* [Required work] Return the records below from the line containing "Ilustración de la" onward, exactly, through and including the last line.

*** Data in this exercise ***

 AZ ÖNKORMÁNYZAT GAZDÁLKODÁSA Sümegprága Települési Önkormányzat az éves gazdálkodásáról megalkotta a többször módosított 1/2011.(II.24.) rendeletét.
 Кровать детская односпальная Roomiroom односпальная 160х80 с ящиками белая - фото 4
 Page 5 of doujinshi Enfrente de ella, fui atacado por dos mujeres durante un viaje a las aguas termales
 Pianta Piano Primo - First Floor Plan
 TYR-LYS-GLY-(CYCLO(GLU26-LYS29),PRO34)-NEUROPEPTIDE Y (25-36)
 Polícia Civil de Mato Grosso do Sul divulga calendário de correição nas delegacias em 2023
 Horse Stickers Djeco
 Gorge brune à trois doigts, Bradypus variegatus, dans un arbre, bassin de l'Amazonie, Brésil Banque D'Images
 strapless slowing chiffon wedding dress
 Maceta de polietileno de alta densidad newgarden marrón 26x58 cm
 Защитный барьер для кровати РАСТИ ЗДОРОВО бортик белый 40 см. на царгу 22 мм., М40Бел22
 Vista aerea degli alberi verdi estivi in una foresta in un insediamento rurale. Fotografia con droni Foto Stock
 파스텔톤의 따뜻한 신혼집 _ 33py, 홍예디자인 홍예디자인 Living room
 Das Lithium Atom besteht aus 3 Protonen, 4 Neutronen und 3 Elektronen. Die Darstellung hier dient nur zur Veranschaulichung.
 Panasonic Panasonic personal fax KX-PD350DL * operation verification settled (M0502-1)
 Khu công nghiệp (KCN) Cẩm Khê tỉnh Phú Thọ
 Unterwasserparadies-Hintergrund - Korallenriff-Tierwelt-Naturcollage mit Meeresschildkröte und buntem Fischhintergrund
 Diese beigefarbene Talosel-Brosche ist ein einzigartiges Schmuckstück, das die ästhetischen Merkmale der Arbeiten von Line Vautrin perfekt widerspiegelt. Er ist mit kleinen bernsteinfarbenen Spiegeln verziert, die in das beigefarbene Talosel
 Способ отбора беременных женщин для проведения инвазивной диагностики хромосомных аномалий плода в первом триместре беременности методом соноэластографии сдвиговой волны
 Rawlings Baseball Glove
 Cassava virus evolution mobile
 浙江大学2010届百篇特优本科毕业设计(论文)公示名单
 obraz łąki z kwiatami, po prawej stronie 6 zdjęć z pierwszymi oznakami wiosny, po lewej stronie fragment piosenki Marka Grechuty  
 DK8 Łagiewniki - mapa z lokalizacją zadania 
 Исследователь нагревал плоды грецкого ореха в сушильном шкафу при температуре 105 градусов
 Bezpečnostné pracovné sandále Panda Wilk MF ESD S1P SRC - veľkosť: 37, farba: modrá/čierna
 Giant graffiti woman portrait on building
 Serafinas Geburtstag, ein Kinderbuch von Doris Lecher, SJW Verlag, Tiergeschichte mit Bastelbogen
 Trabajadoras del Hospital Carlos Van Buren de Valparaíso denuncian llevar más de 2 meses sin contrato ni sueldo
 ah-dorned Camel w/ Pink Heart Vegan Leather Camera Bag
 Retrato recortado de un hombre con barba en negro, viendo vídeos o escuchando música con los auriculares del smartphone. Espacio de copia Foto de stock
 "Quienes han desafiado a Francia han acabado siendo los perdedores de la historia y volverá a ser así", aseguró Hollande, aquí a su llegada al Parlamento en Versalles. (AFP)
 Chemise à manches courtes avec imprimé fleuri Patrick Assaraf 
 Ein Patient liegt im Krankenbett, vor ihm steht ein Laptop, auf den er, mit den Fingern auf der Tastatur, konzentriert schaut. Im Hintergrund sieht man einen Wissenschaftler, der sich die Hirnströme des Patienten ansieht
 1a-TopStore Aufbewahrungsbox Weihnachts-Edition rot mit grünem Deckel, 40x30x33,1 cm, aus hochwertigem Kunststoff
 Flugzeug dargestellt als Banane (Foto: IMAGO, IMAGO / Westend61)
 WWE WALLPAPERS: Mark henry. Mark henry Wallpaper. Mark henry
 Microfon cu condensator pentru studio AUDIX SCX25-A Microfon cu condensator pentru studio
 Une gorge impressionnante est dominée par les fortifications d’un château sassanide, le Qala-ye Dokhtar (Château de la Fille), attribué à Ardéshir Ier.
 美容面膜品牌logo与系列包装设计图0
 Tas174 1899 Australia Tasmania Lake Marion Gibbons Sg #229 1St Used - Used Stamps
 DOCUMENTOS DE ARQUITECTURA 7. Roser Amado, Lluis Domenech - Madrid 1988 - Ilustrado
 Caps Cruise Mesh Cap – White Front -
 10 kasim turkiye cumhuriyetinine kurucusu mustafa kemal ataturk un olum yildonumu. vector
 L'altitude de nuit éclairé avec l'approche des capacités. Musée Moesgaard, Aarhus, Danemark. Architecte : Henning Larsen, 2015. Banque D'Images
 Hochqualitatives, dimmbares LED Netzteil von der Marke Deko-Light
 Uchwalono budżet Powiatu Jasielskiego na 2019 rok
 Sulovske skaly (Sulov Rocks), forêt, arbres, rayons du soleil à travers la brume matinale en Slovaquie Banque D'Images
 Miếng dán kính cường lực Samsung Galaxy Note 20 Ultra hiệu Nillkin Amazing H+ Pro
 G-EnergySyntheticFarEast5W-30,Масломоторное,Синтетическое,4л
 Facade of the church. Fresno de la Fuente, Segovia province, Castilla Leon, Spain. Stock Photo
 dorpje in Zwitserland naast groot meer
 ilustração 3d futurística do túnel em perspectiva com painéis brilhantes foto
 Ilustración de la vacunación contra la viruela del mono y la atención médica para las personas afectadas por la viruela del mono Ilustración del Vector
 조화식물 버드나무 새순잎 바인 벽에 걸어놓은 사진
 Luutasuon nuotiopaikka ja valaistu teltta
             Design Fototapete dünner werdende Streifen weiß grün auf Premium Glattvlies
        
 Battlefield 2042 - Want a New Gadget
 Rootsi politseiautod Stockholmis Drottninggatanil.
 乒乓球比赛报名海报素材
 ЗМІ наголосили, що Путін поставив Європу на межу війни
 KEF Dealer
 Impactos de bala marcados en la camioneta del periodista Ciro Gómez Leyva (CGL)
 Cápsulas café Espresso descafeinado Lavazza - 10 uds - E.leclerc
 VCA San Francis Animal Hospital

*** End of Data in this exercise ***

* [Output for this task]
 Ilustración de la vacunación contra la viruela del mono y la atención médica para las personas afectadas por la viruela del mono Ilustración del Vector
 조화식물 버드나무 새순잎 바인 벽에 걸어놓은 사진
 Luutasuon nuotiopaikka ja valaistu teltta
             Design Fototapete dünner werdende Streifen weiß grün auf Premium Glattvlies
        
 Battlefield 2042 - Want a New Gadget
 Rootsi politseiautod Stockholmis Drottninggatanil.
 乒乓球比赛报名海报素材
 ЗМІ наголосили, що Путін поставив Європу на межу війни
 KEF Dealer
 Impactos de bala marcados en la camioneta del periodista Ciro Gómez Leyva (CGL)
 Cápsulas café Espresso descafeinado Lavazza - 10 uds - E.leclerc
 VCA San Francis Animal Hospital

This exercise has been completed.